9.6 If any of the events set out in clause 9.6.1 to 9.6.4 below occur, the loan constituted by this agreement shall automatically terminate without notice and no payment subsequently accepted by WFL (UK) limited without knowledge of such termination shall in any way prejudice or affect the operation of this clause:
9.6.1 If customer fails to comply with or commits a breach of this agreement; or
9.6.2 If customer is an individual and dies; or
9.6.3 If customer is an individual and (i) an interim order (within the meaning of the Insolvency Act 1986) is made against him, or (ii) he enters into a voluntary arrangement, or (iii) a statutory demand is made against him, or (iv) a petition for bankruptcy order is presented; or
9.6.4 If customer is a company and (i) enters into liquidation, or (ii) calls any meeting of its creditors, or (iii) has a receiver or receiver manager of all or any of its undertaking or assets appointed, or (iv) an administrator is appointed under the provision of part 11 of the Insolvency Act 1986 or a petition for appointment of an administrator is presented, or (v) is deemed by virtue of section 123 of the Insolvency Act 1986 to be unable to pay its debts.
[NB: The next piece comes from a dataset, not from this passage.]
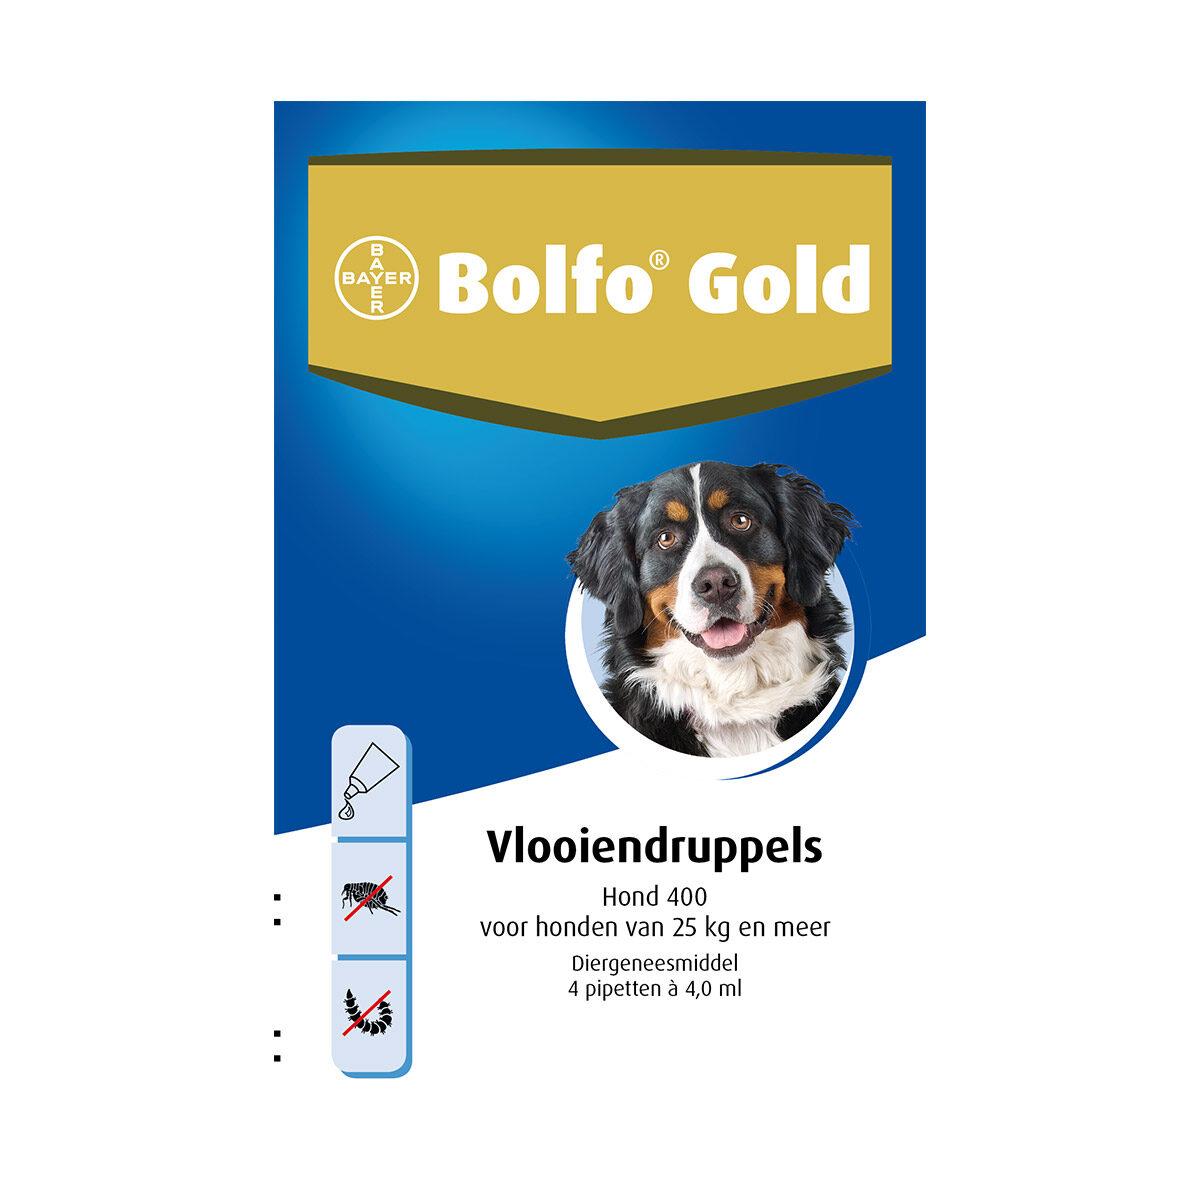 Bolfo Gold Hond 400 Vlooiendruppels 25 tot 40 kg 4 Pipetten

9.7 We may terminate this agreement on giving 30 days notice to customer at any time.
9.8 The termination of this agreement shall not affect any rights of WFL (UK) Limited or liabilities of customer subsidising at the date of termination.
9.9 Without prejudice to the above provisions or to WFL (UK) Limited's claim for damages for any breach by customer of this agreement or any other rights under this agreement. We or our authorised representatives may at any time after termination of this agreement on prior notice enter upon the premises at which the system is installed and retake possession of the Device. Customer shall be responsible for all costs, charges and expenses incurred by Us or our authorised representatives in retaking possession of the Device, except following termination by WFL (UK) Limited under clause 9.7.
10. Data Protection
We will only use the personal information you provide us to provide the Services, or to inform you about similar services which we provide, unless you tell us that you do not want to receive this information. We will not pass your data to third parties. This includes the data collected from the Device. We shall be entitled to use this data collected from the Device on an aggregated basis provided that it in no way indentifies you or your property.
All notices sent by you to us must be sent to WFL (UK) Limited, Lindum House, Causeway End, Brinkworth, Chippenham, SN15 5DN and/or firstname.lastname@example.org. We may give notice to you at either the e-mail or postal address you provide to us in the Agreement. Notice will be deemed received and properly served 24 hours after an e-mail is sent or three days after the date of posting any letter. In proving the service of any notice, it will be sufficient to prove, in the case of a letter, that the letter was properly addressed, stamped and placed in the post and, in the case of an e-mail, that the e-mail was sent to the specified e-mail address of the addressee.